Mesmo males mais raros e considerados desafiadores entram no rol dos avanços. Havia expectativa, no celebrado congresso americano, quanto ao anúncio dos resultados de um estudo com um tratamento para o glioma, tipo agressivo de câncer cerebral. Em pacientes com uma mutação genética, o medicamento elevou as taxas de sobrevivência, retardou o crescimento da lesão e diminuiu a necessidade de se investir em medicações tóxicas. Com essas descobertas, pode-se chegar, enfim, a uma terapia pioneira, exclusivamente direcionada a tumores dessa categoria. “É clinicamente significativo, porque os pacientes diagnosticados são tipicamente jovens e indivíduos saudáveis”, afirma Ingo Mellinghoff, médico do reputado Memorial Sloan Kettering Cancer Center, em Nova York.
Técnicas que revolucionaram a oncologia nos últimos anos ganham espaço e notoriedade, contra o radicalismo de antes.

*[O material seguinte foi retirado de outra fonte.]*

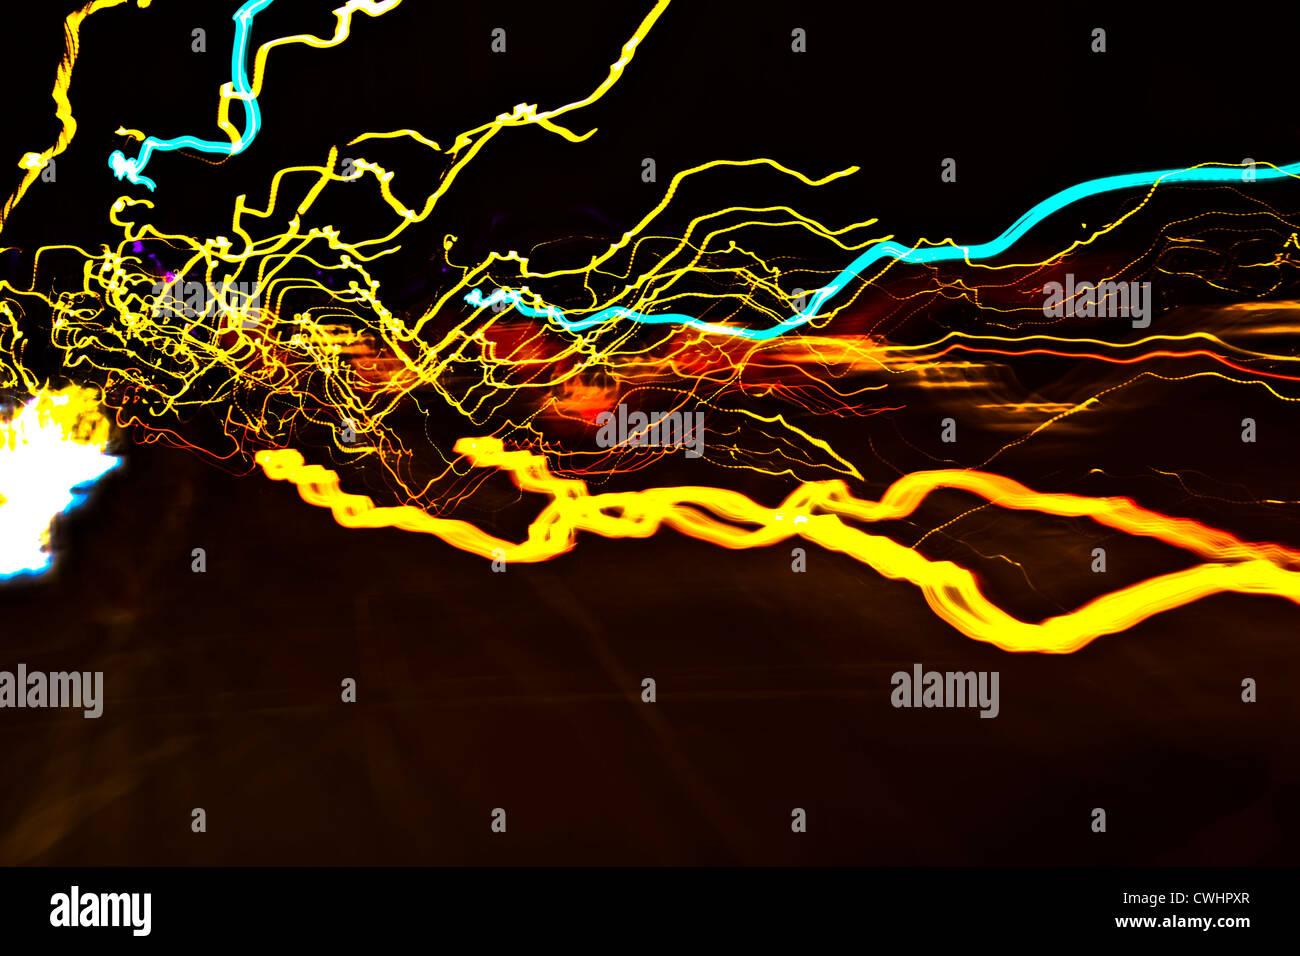 Lampade,abstract,via lighting Immagini Stock

É o caso da imunoterapia, que recruta o sistema imune da própria pessoa para bombardear o câncer — e confirma, em investigações recentes, a vocação para atacar tumores de pulmão antes de uma eventual cirurgia. Aplauda-se também uma técnica conhecida como CAR-T, que, ao treinar células de defesa em laboratório e reintroduzi-las no paciente, promove a caçada ao câncer hematológico. Na Asco, essa inovação provou seu valor contra o mieloma múltiplo, enfermidade de difícil tratamento. Aplicadas em indivíduos que não respondiam ao tratamento-padrão, as células modificadas reduziram em 74% o avanço da doença após dezesseis meses de acompanhamento.
O atual momento na lida contra o câncer não significa que ferramentas potentes e antigas caiam no ostracismo. A doença continuará a desafiar a medicina e, quanto mais recursos efetivos existirem, melhor. Unânime, porém, é a noção de que se pode (e se deve) tratar o paciente sem fazê-lo sucumbir ou sofrer demais. Nesse sentido, a avenida está aberta, agora sem tantas cicatrizes.